Petits métiers et grosses industries ont longtemps voisiné au bord de la Sèvre, voie de circulation et source de richesses naturelles.
En cette extrémité du Sillon de Bretagne, le schiste abonde dans le quartier de la Morinière qui abrite des carrières jusqu’au début du XXe siècle. Bien pratique, la Sèvre toute proche permet d’acheminer les matériaux jusqu’à Nantes pour construire la ville.
À marée basse, des gabares s’échouent, font le plein de sable amassé le long de la rive et repartent à plein avec la marée. À plus grande échelle, des chalands prélèvent et transportent le sable jusqu’au début des années 1970. Le sable est également utilisé par les maraîchers voisins (qui maintiennent leur activité jusqu’à la vente des dernières tenues maraîchères à des promoteurs, à la fin des années 70) dont la production est acheminée par bateaux au marché de gros du Champ-de-Mars à Nantes. Les bateliers en profitent pour « saluer » les lavandières qui rétorquent en langage fleuri…
Ces dernières sont nombreuses, professionnelles ou non, à venir battre le linge sur le quai, à même la rive ou sur l’un des 15 à 20 bateaux-lavoirs amarrés là pendant la première moitié du XXe siècle Elles voisinent avec les pêcheurs professionnels (dont un seul subsiste aujourd’hui) et les petits fabricants de toile de jute qui utilisent la rivière pour rouir le chanvre. En face, et jusque dans les années 1980, les prairies inondables, fauchées collectivement, servent de pâtures pour les vaches des petits fermiers. Quelques bovidés rappellent encore aujourd’hui cette coutume…
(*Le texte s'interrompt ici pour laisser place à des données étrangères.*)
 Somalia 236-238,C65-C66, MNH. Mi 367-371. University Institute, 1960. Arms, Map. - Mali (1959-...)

Une maison sur deux fait buvette…
Au XIXe, le « coin des tonneliers » à la Morinière abrite aussi plusieurs petites distilleries. Leur proximité et les tarifs d’octroi élevés à Nantes engendrent la prolifération de guinguettes et restaurants hors les murs, au bord de l’eau, but d’excursions dominicales en famille. « Le Chaland qui passe, dernier survivant de cette époque, était encore un café dans les années 1990 », se souvient Roger Faivre, habitant du quai.
En 1894, les frères Bureau, des Chantiers de la Sèvre à Vertou, mettent en service les Hirondelles, bateaux de promenade à vapeur qui transportent des centaines de passagers et les déposent sur un embarcadère déplacé chaque année pour permettre à tous les cafés de bénéficier à tour de rôle des files d’attente… Car une maison sur deux fait buvette ! Les Hirondelles, ancêtres des bateaux de l’Erdre, servent aussi en semaine au transport des ouvriers vertaviens des chantiers navals de Nantes.
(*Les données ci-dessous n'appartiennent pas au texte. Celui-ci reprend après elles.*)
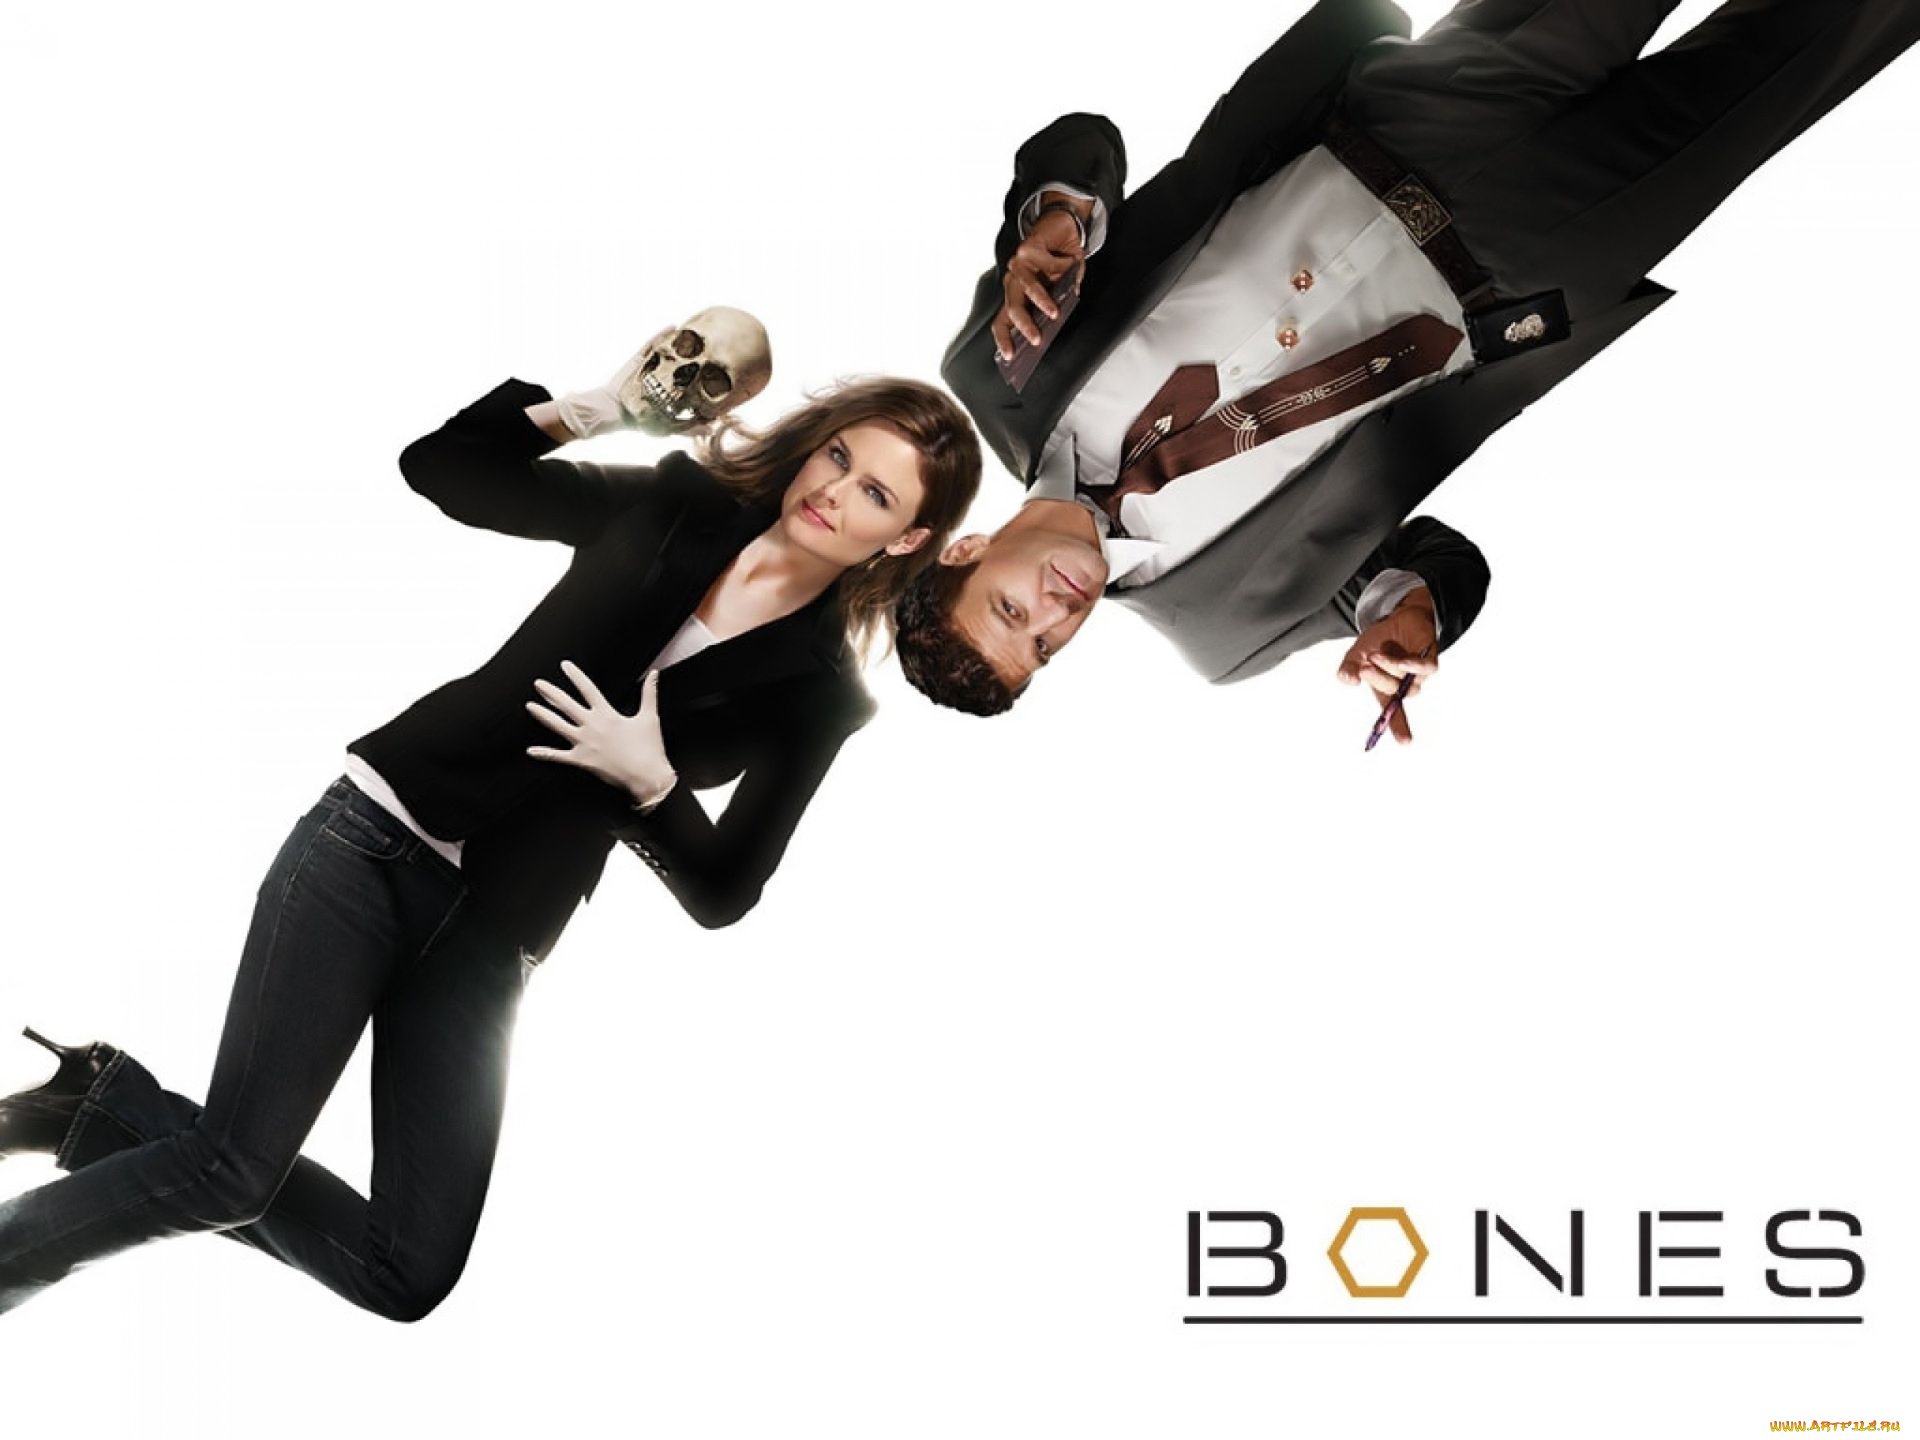 Bones series

Toute cette animation génère nombre de petites activités annexes : crêpières, marchands de moules, vente de la récolte des jardins familiaux…
« Rezé les couleurs »… en 1902 !
Les bords de Sèvre constituent aussi, dès la fin du XVIIIe siècle, la première zone industrielle rezéenne. Les artisans-tanneurs travaillant sur les rives dans des baraques en bois ont affaire à rude concurrence avec la grande tannerie inaugurée en 1874 à la Rousselière. Cette activité engendre une importante pollution de la rivière dont les eaux se teintent parfois de rouge (d’où le nom de « Rousses-eaux » puis Rousseau).
« Ma grand-mère m’a raconté qu’en 1902, une explosion s’est produite dans la société nantaise de produits chimiques qui a succédé en 1894 à une autre tannerie, laquelle fabriquait depuis 1848 des guêtres pour l’armée. Un énorme nuage de fumée bleue s’est répandu tout au long de la rivière jusqu’au village de la Chaussée. Sur toute la partie qui n’était pas habitée, le chemin est resté coloré très longtemps, à tel point qu’on l’appelle depuis « le chemin bleu » », explique Marie-Françoise Artaud, riveraine, membre de l’équipe d’organisation de la fête du quai Léon-Sécher, qui rappelle pendant deux jours chaque année l’intense activité qui régnait naguère dans ce qui est devenu un paisible lieu de vie.